Task statement :: An acceptable answer repeats exactly the line containing "Kalόs - Ein" and all lines that follow it in the listing below, and it includes no pictures.

Data block ::

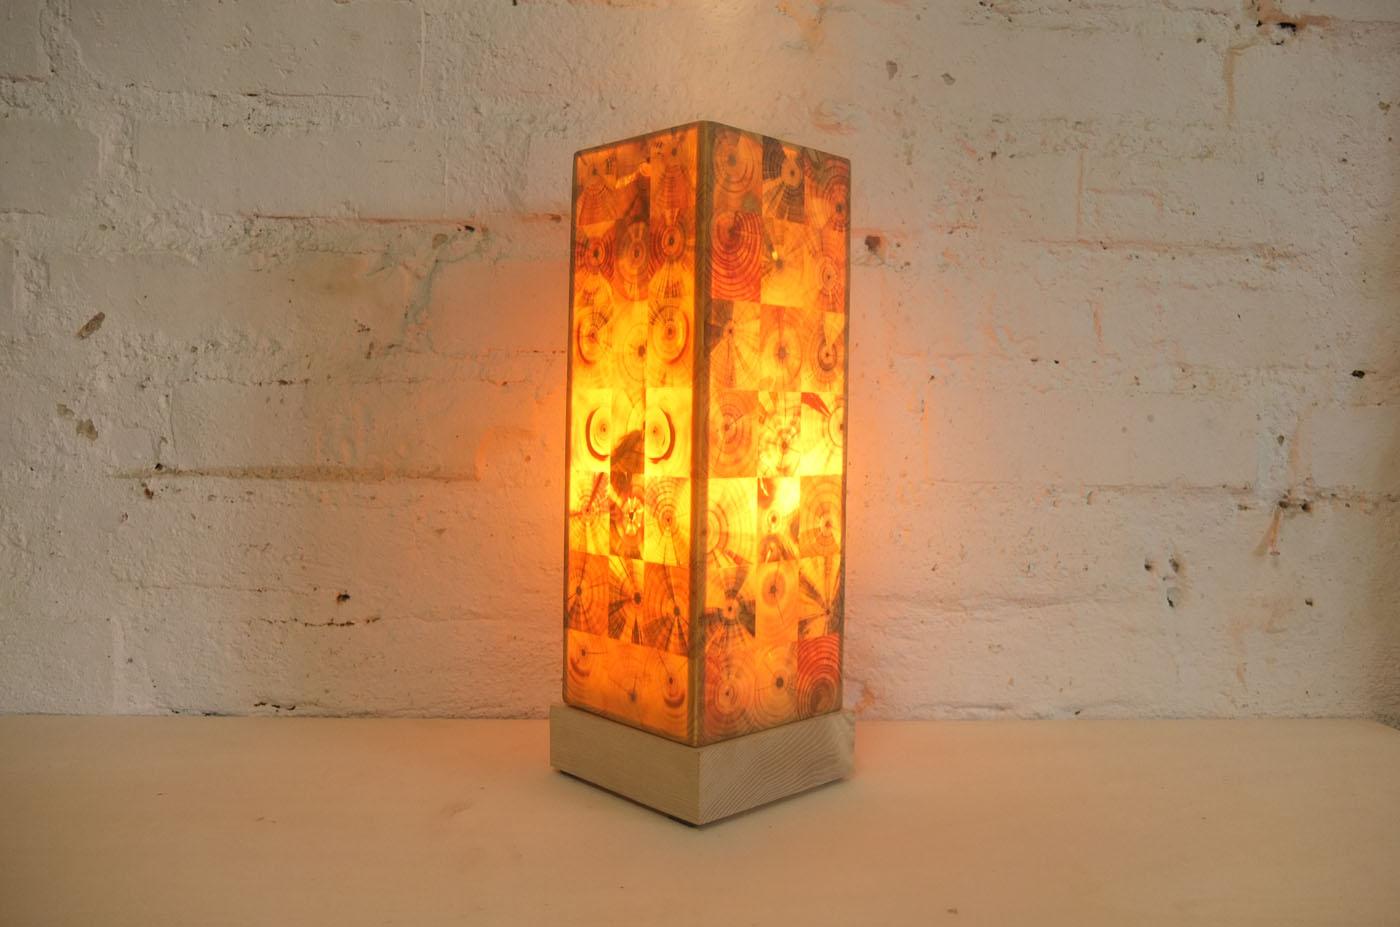 holz leuchtet designerlampen aus hirnholz s chsischer. Black Bedroom Furniture Sets. Home Design Ideas
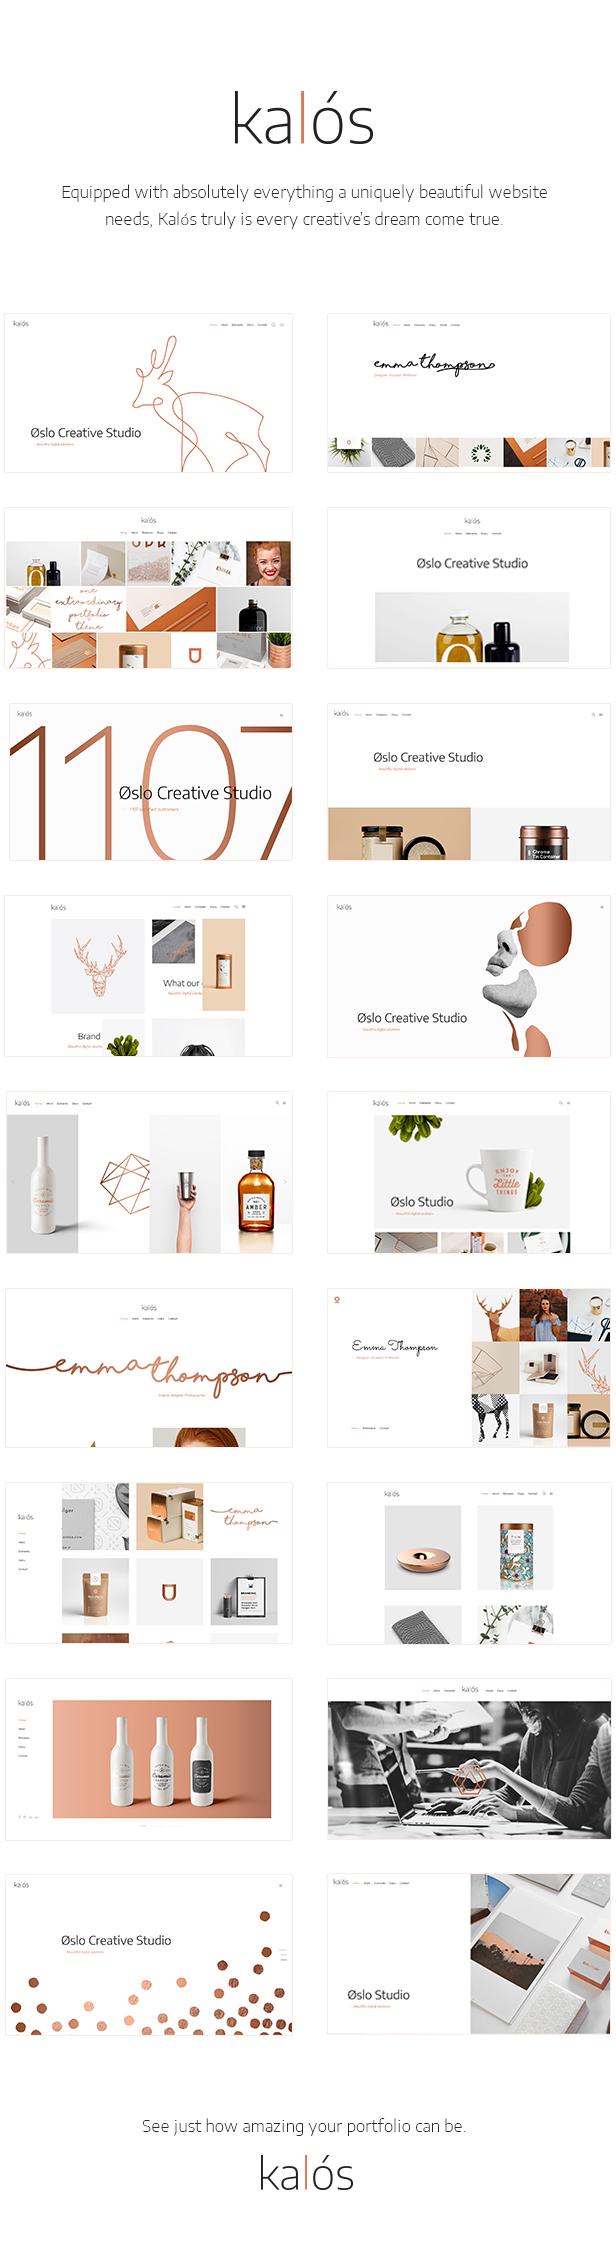 Kalόs - Ein sauberes Multi-Concept-Portfolio-Thema
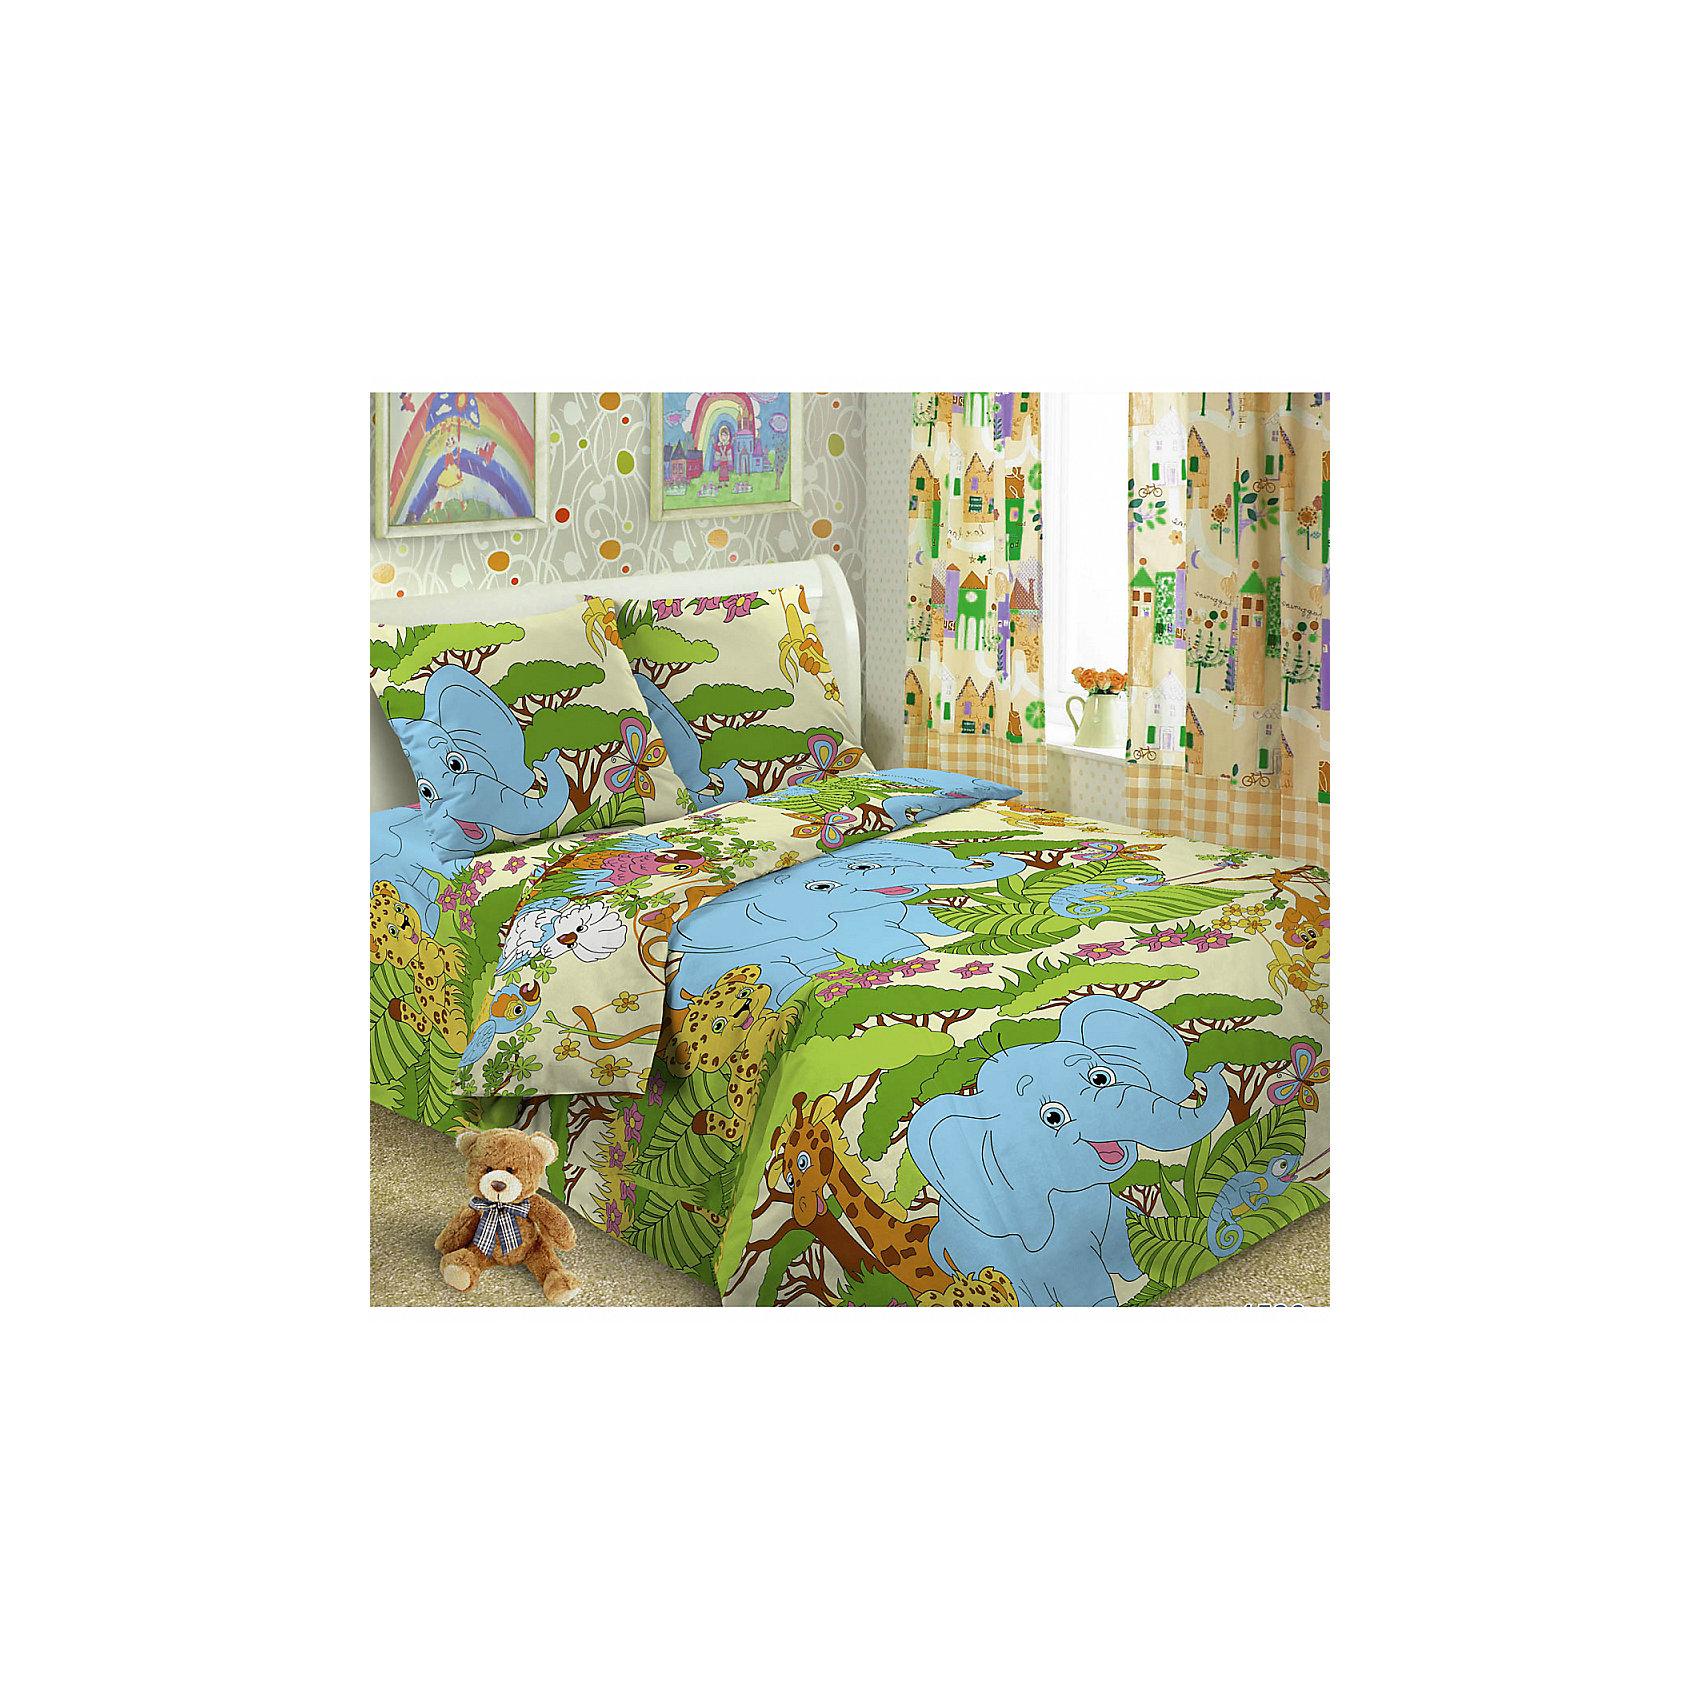 Letto Постельное белье Джунгли (нав.50*70), Letto комплект белья letto семейный наволочки 70х70 цвет голубой синий b183 7

Written solution ::
 Kalόs - Ein sauberes Multi-Concept-Portfolio-Thema
 Letto Постельное белье Джунгли (нав.50*70), Letto комплект белья letto семейный наволочки 70х70 цвет голубой синий b183 7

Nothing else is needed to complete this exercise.